How do I retrieve several counts with a single SQL query?

How can I use one SQL query to calculate different counts and return them all in one row? For instance:

SELECT shop_id,
       COUNT(*) AS count_total,
       SUM(CASE WHEN role = 'admin' THEN 1 ELSE 0 END) AS count_admin,
       SUM(CASE WHEN role = 'user' THEN 1 ELSE 0 END) AS count_user
FROM account_records
GROUP BY shop_id;

The example provided is an efficient and popular method to gather multiple counts in one query. In practice, similar formatting with CASE expressions has worked well in large-scale applications. For instance, when dealing with many categories, you can easily extend the pattern without performance penalties. Additionally, if your SQL platform supports the FILTER clause, it can further simplify the syntax. The key is to structure your query such that conditional aggregation is used to compile different measures into a single, cohesive data point.

i think the case approach is solid. maybe play with db-specific optimzations for clarity, but overall its simplest. sometimes a join based method can be easier read if you have lots of conditions.

hey, has anyone tried mixing window functions with these counts? i noticed some performance diffs in certain cases and thought a different approach might help. what do u think—anyone got experance with alternative methods?

Based on my experience, while the CASE approach is straightforward and intuitive, there are scenarios where using nested queries or common table expressions (CTEs) can provide additional flexibility and clarity, especially if the query grows more complex over time.
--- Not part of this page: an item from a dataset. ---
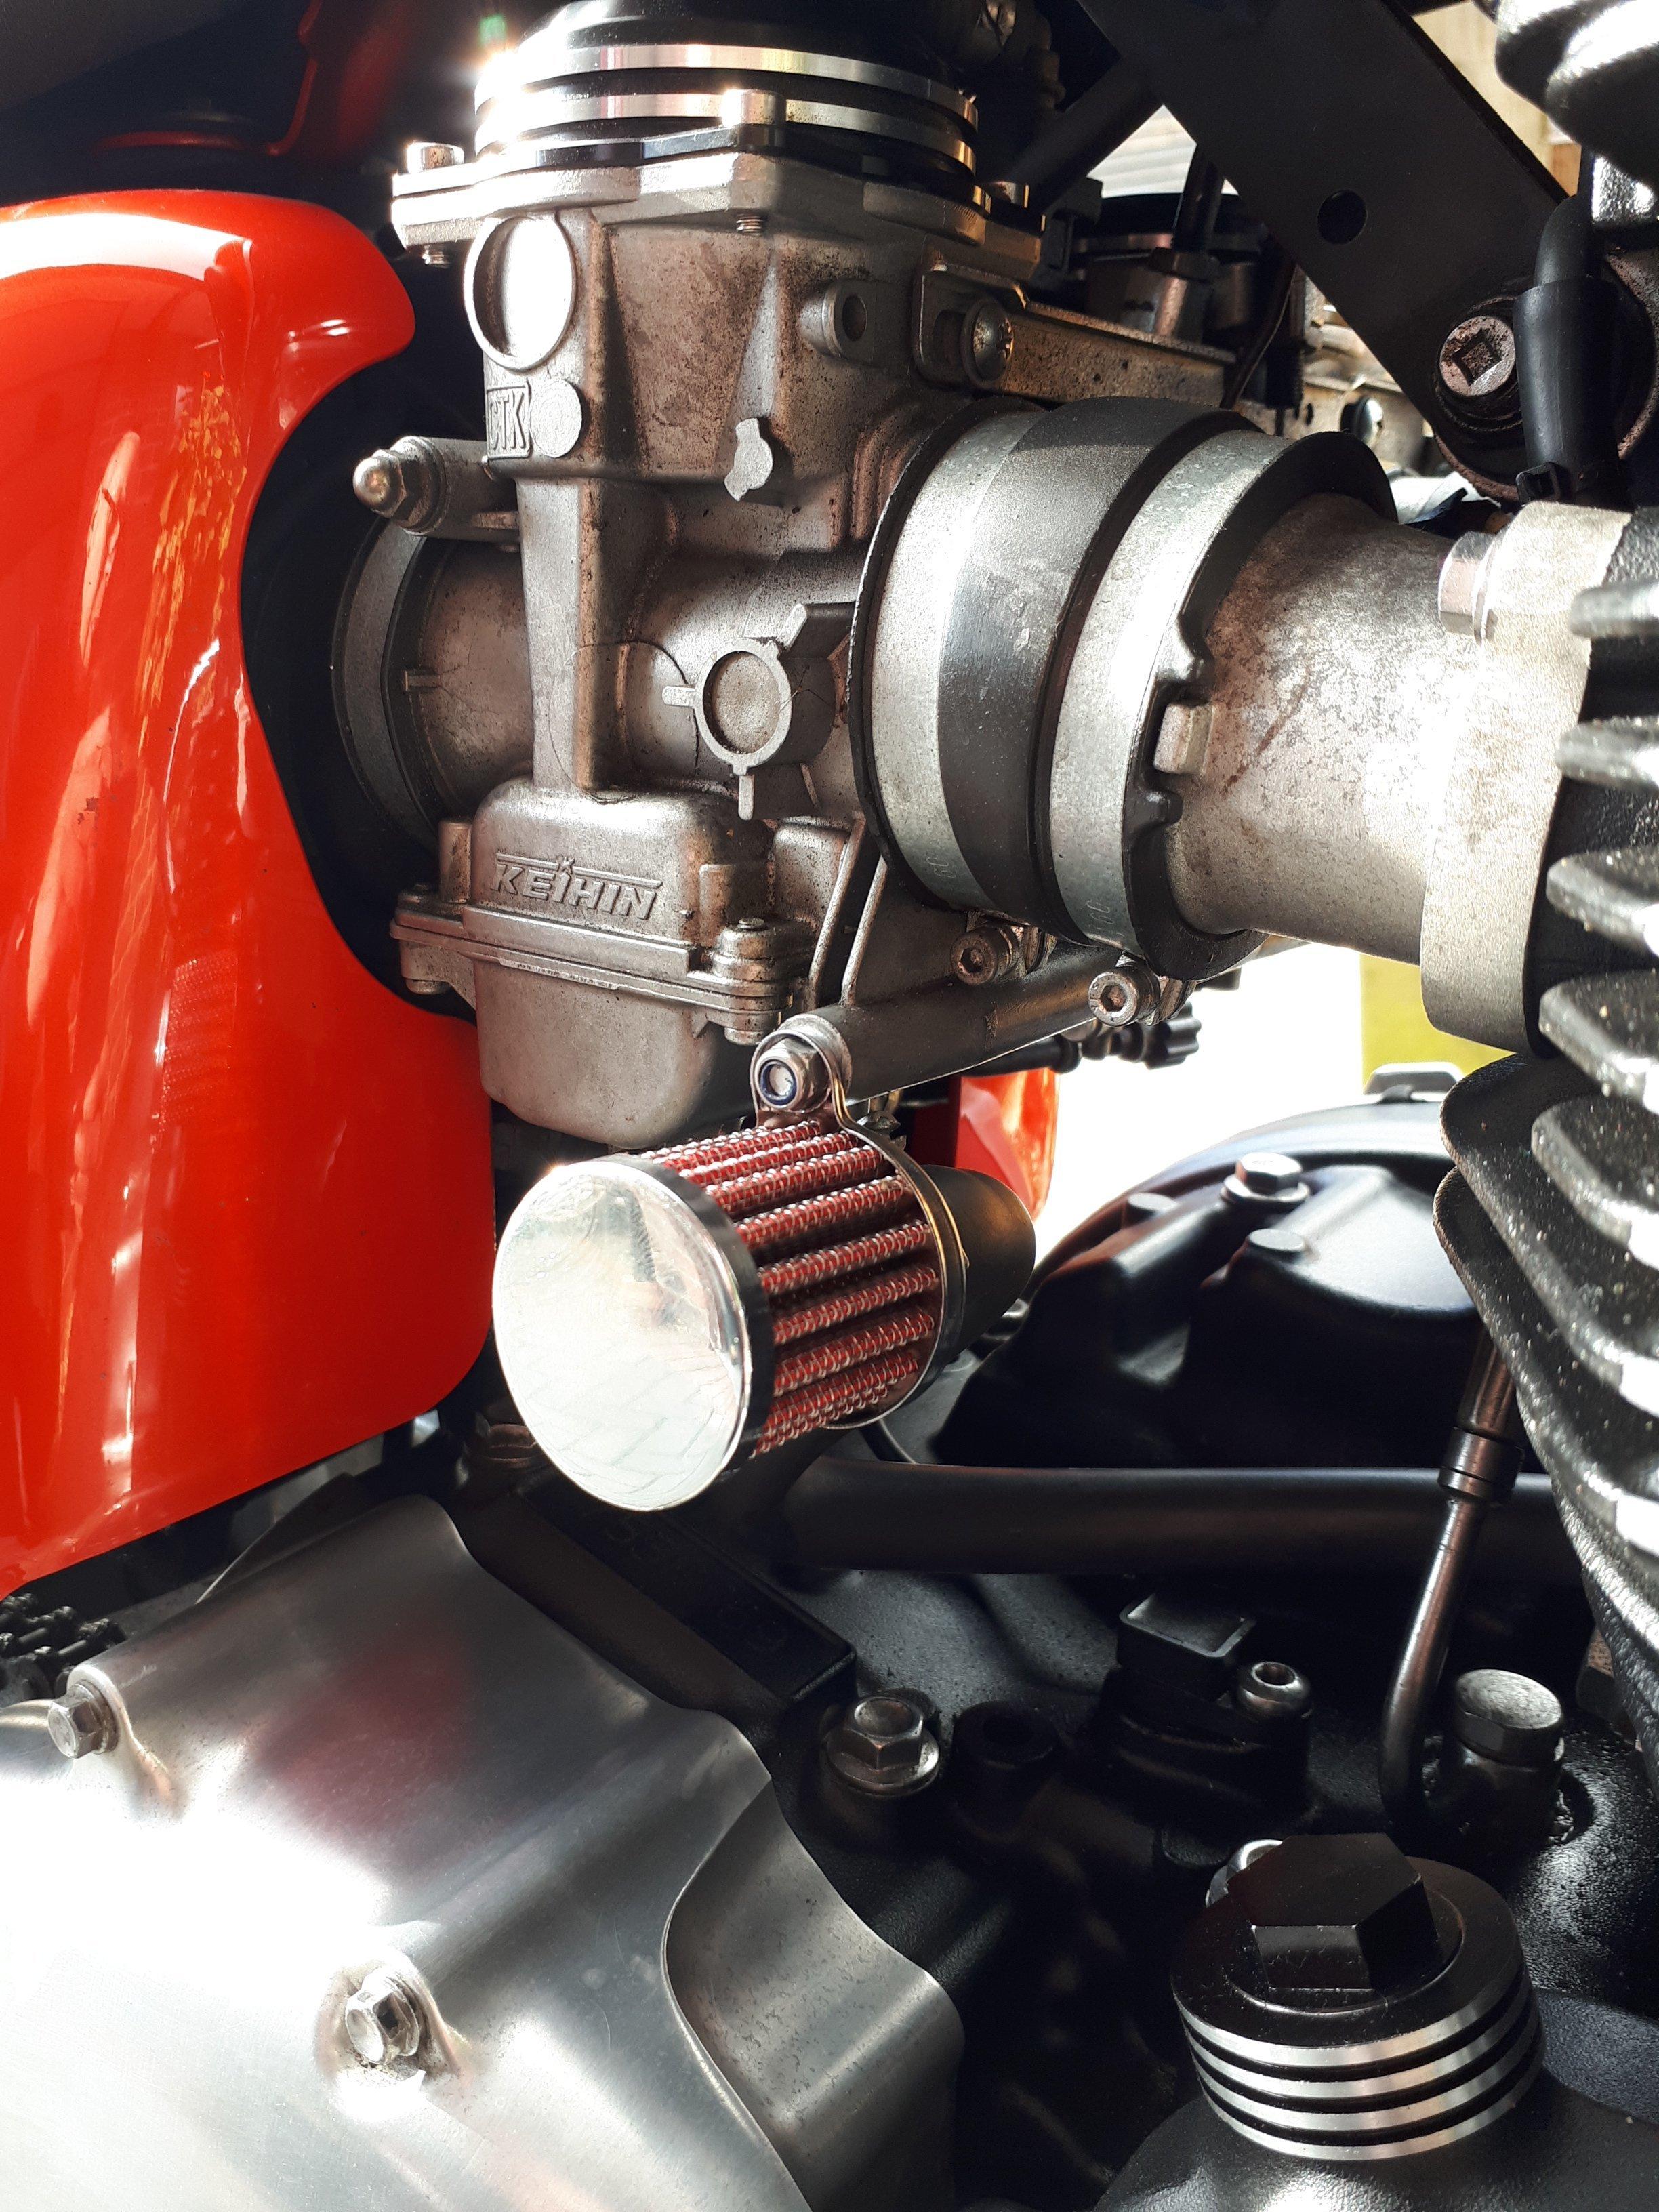 Crankcase Breather Mod | The Triumph Forum

I have found that breaking down the computation into multiple steps using CTEs can make the query easier to maintain and debug. This method proves particularly useful when dealing with multiple conditional values or additional aggregation logic, as it separates concerns and can improve readability without sacrificing performance significantly.

I’ve seen a few folks use separate subqueries joined on common keys. It can help when conditions get pretty complex. might be worth trying if your db has checks where indexes are more tuned to simple aggregates. testing is key to see which method perfroms better.